In terms of security, Sweden is "in a better place now than before it applied", NATO chief Jens Stoltenberg said Monday, even though its application is in limbo with Turkey currently withholding its approval.

Stoltenberg said NATO was working "hard and actively" to resolve Ankara s concerns "as soon as possible" ahead of a June 15 meeting.

It was at the Brussels summit that Kyiv said Monday it was hoping for a decision on further Western arms deliveries to support its war effort.

"Being straightforward -- to end the war we need heavy weapons," Ukrainian presidential advisor Mykhaylo Podolyak said on Twitter.

Podolyak listed items he said the Ukrainian army requires, including hundreds of howitzers, tanks and armoured vehicles.

- Harvest delayed -

Far from the war, World Trade Organization members were gathering in Geneva to address the threat posed to global food security by Russia s invasion.

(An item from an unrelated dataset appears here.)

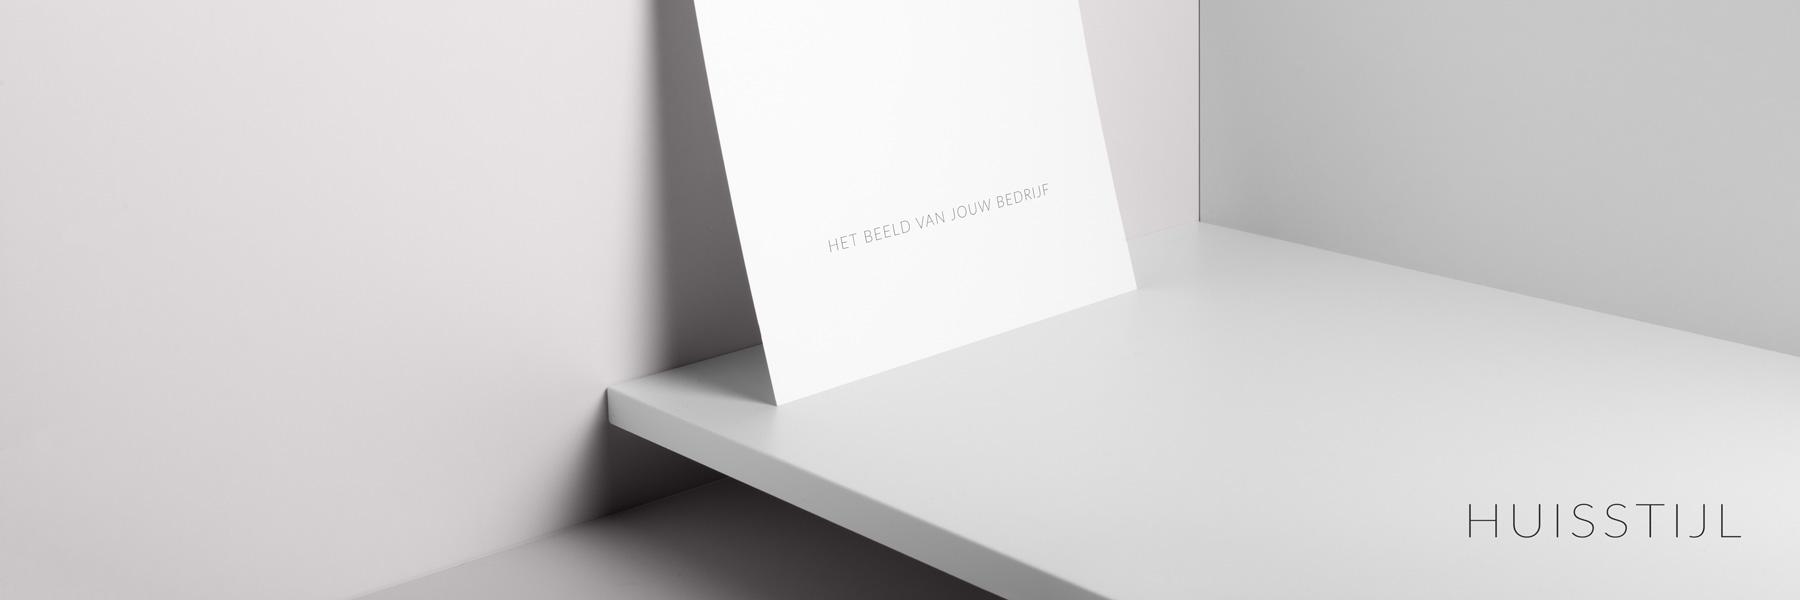 Grafisch zakelijk - huisstijl - logo, briefpapier, een website, producten en verpakkingen vormen de identiteit van het merk als geheel

Ukraine s deputy agriculture minister on Monday said a quarter of his country s arable land had been lost but insisted national food security was not threatened.

On a farm near the southern Ukrainian city Mykolaiv, the harvest has been delayed by the need to undo damage by Russian troops who passed through the area in March.

"We planted really late because we needed to clear everything beforehand," including bombshells, Nadiia Ivanova, 42, told AFP.

The farm s warehouses currently hold 2,000 tonnes of last season s grain but there are no takers.

The railways have been partially destroyed by the Russian army, while any ship that sails faces the threat of being sunk.